Холодный вечер в Иерусалиме - страница 6
– А в разведении раков вы несведущи, Борис Фишелевич? – спросила его самая бойкая из женщин. Она продолжала кокетничать на всякий случай, но слушала лектора с неослабевающим интересом.
– Совершенно не моя тема, – отвечал Боря.
– Не может быть, вы все знаете, – сказала она хмельно. Народ энергично закусывал водку краснодарским рассыпчатым, дивного вкуса печеньем, которое принесла одна из учениц.
– Раков можно дома разводить, в аквариуме, – сказала девушка с печеньем.
– Ты не поняла, я говорю про товарные количества, – отозвалась подруга из другого места их обширной родины.
– Конечно, в товарных количествах, у меня знакомый с этого живет, – сказала девушка из Краснодара, румяная и нежная, как богиня с картины двадцатипятилетнего Тициана Вечеллио, умершего от чумы уже очень старым в Венеции с кистью в руке, «Женщина перед зеркалом». Тело его не сожгли. Вопреки законам, предписывавшим сжигать тела умерших от чумы, Тициан был похоронен в венецианском соборе Санта Мария Глориоза дей Фрари.
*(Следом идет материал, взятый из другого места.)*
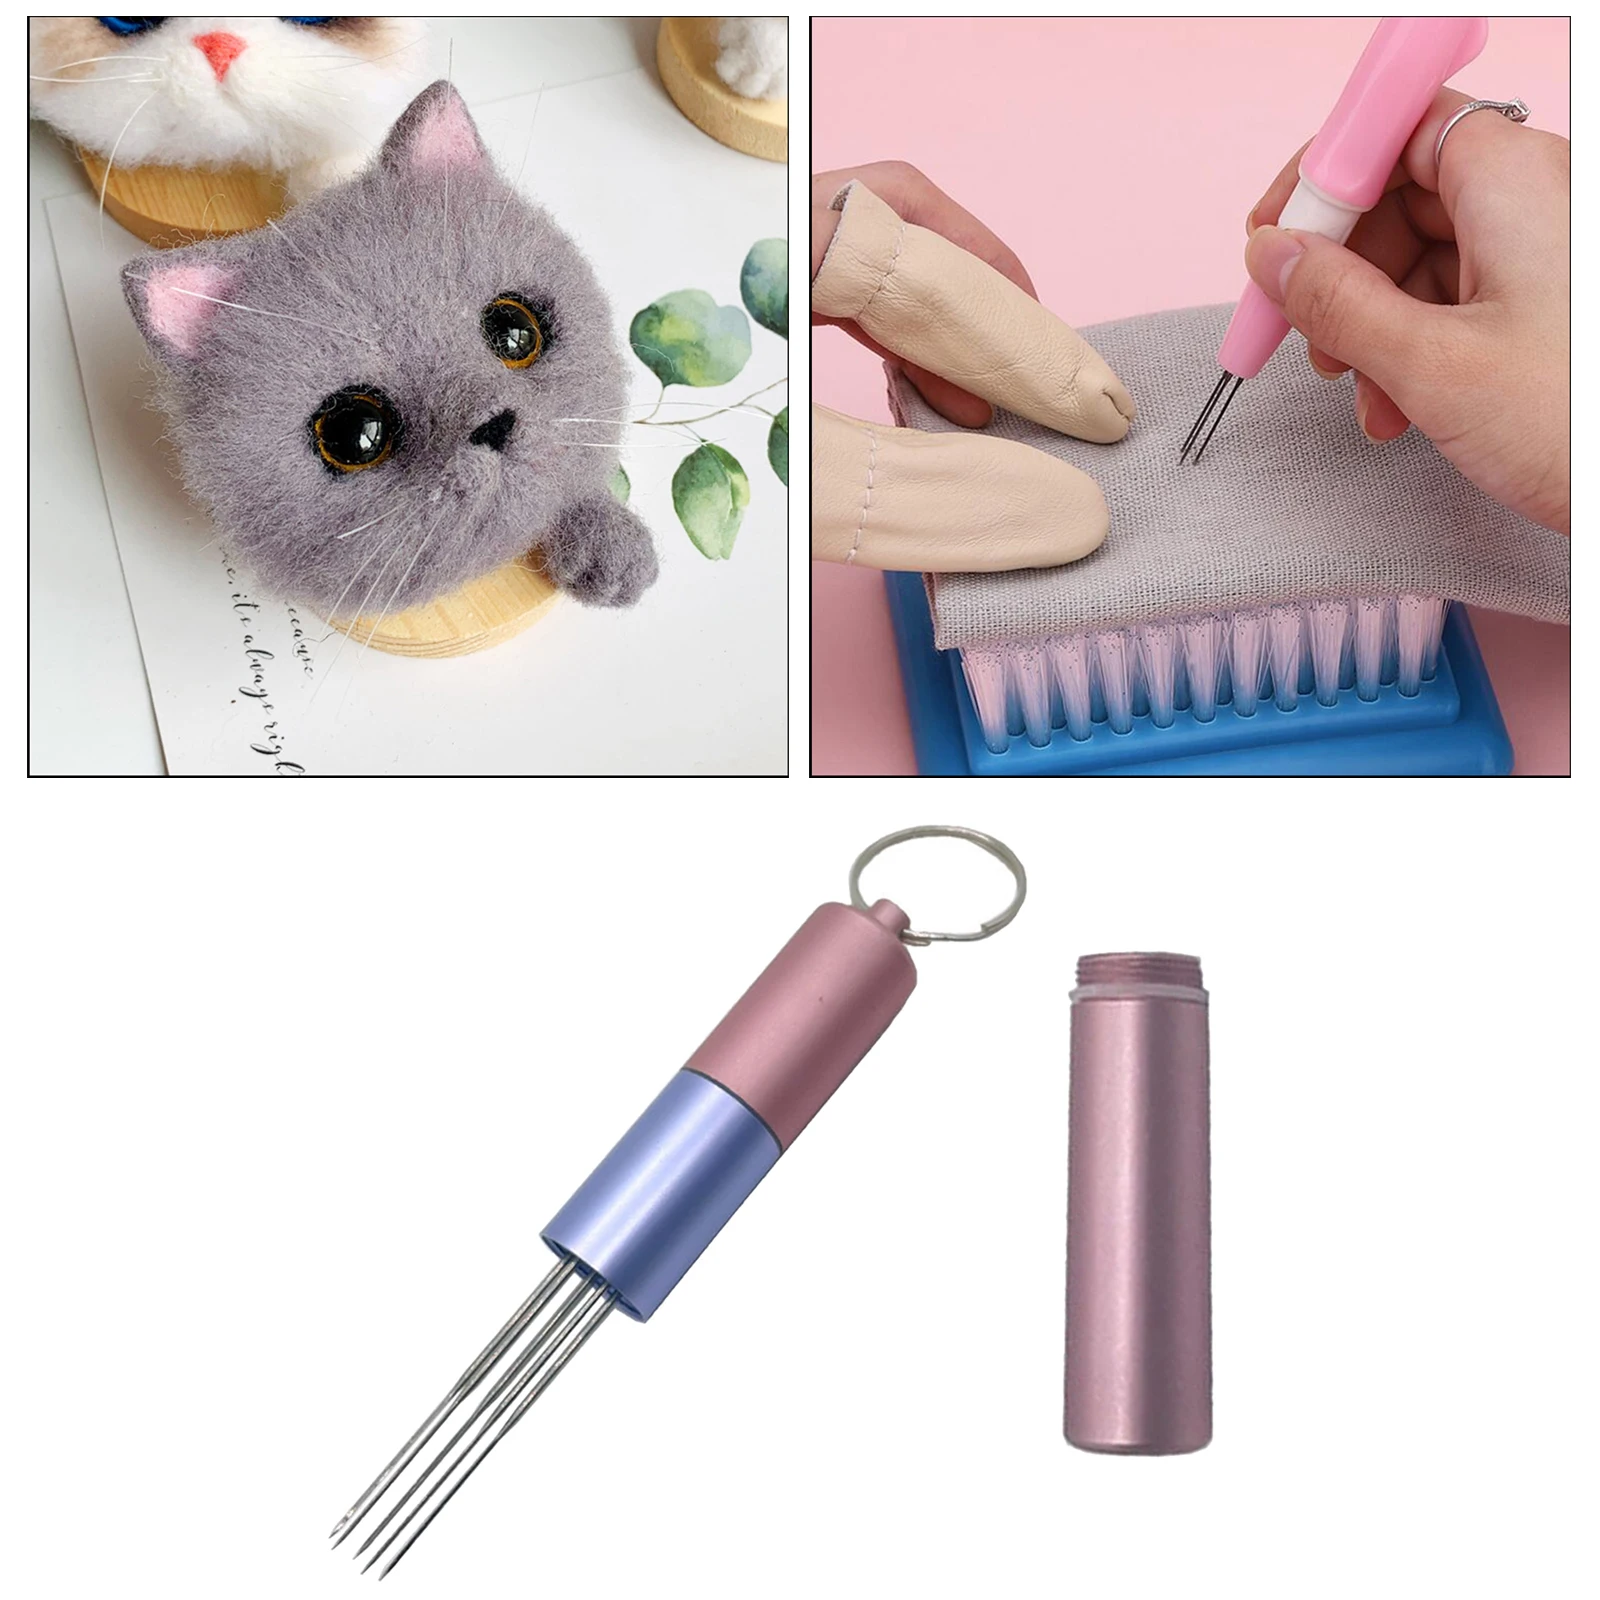 Embroidery Punch NeedleFelting Needle Embroidery Punch Pen with 6 Fine Needles Set Tools Wool Felting Supplies DIY Crafting

Вдоль улицы Независимости, на которой находился дом Бори, с двух сторон были высажены эвкалипты, называемые также «дивным деревом», могучие деревья, перемежавшиеся кустарником араукарии Кука и иерусалимскими соснами на дальнем плане. Виднелся красный купол водонапорной башни. Возле башни росла огромная, благоухающая сикомора, в густой тени которой отдыхали столичные туристы, приезжавшие в выходные в хозяйство Гилеля, который несколько последних лет занимался производством сыра манчего от небольшого пугливого овечьего стада.
Сыр манчего, который в Испании называют «ламанчским», был оригинального сильного вкуса. Молоко, которое получали от овец, пасшихся на небольших, но богатейших пастбищах окружающего поселение иудейского плоскогорья, было замечательным, соответственно, и сыры из него. Сыры манчего один год хранились в каменном сарае в подполе, выложенном иерусалимским красноватым известняковым камнем, который время превращало в мрамор. Цилиндрические твердые головки манчего Гилель, одетый в белые одежды, осторожно выносил покупателям, отирал плесень с поверхности сухой тряпкой и погружал в его тело металлическую тонкую трубку, нюхал извлекаемое и задумчиво произносил: «Созрел уже, можно». Вселенское удивление, близкое к безудержному восторгу, можно было увидеть в его глазах, когда он смотрел на небольшие бугры сыра, выложенные на деревянный прилавок для обозрения.
Он делал и молодой козий сыр шавру, нежный, свежий, сильный. Гилель переименовал свои сыры, от этого они не стали хуже. Густейшее, чуть желтоватое молоко от нескольких хозяйских коз требовало того, чтобы его замутили, загустили еще, залили йогуртом и яблочным уксусом – и сделали сыр. Из литра молока получалось у Гилеля сто пятьдесят граммов сыра. Каждая коза давала два литра молока в день. Коз было десять – вот и считайте. При них, при козах, был немолодой козел по кличке Мавр. Гилель его чтил, уважал и жалел за характер, упрямство, преданность делу и возраст.
Сыра Гилель производил немного, но это был отменный штучный товар. Он давал своим сырам почему-то женские имена: Ора, Нога, Варда и так далее. Ударение на первом слоге во всех этих названиях, если кто не знает, но вы, конечно, знаете.
Козы у Гилеля были пальмерские, привезенные из Испании, с островов, а также альпийские гладкошерстные. Козы обычно стояли на задних ногах перед забором и тыкались носами и ртами в ладони гостей, разглядывая их крупными, пытливыми, несколько бессмысленными глазами с огромными любопытными зрачками без поволоки. По слухам, Гилель иногда гулял с ними по окрестностям, как с собаками, однажды Боря и сам видел. У Гилеля это получалось естественно. Любимая коза его имела кличку Мара, была необычайно умна, по слухам, могла открыть входную дверь в дом ключом, благо дверь эта никогда не запиралась, а ключ валялся где-то, неизвестно где. Но слухи были сильнее замков и предрассудков. Старый козел Мавр, которого нежно любил Гилель и все его домочадцы, давнишний ухажер Мары, был ревнив и свиреп, но уже многое стал забывать. Он уже не всегда помнил, почему гневается, и почти по привычке бодал бурое бревно, которое поддерживало крышу погреба. Устав, он ложился отдохнуть в углу. Спал, открыв один глаз, наблюдал за своими дамами, чтобы был порядок и тишина. Козы ходили мимо него осторожно и, кажется, брезгливо.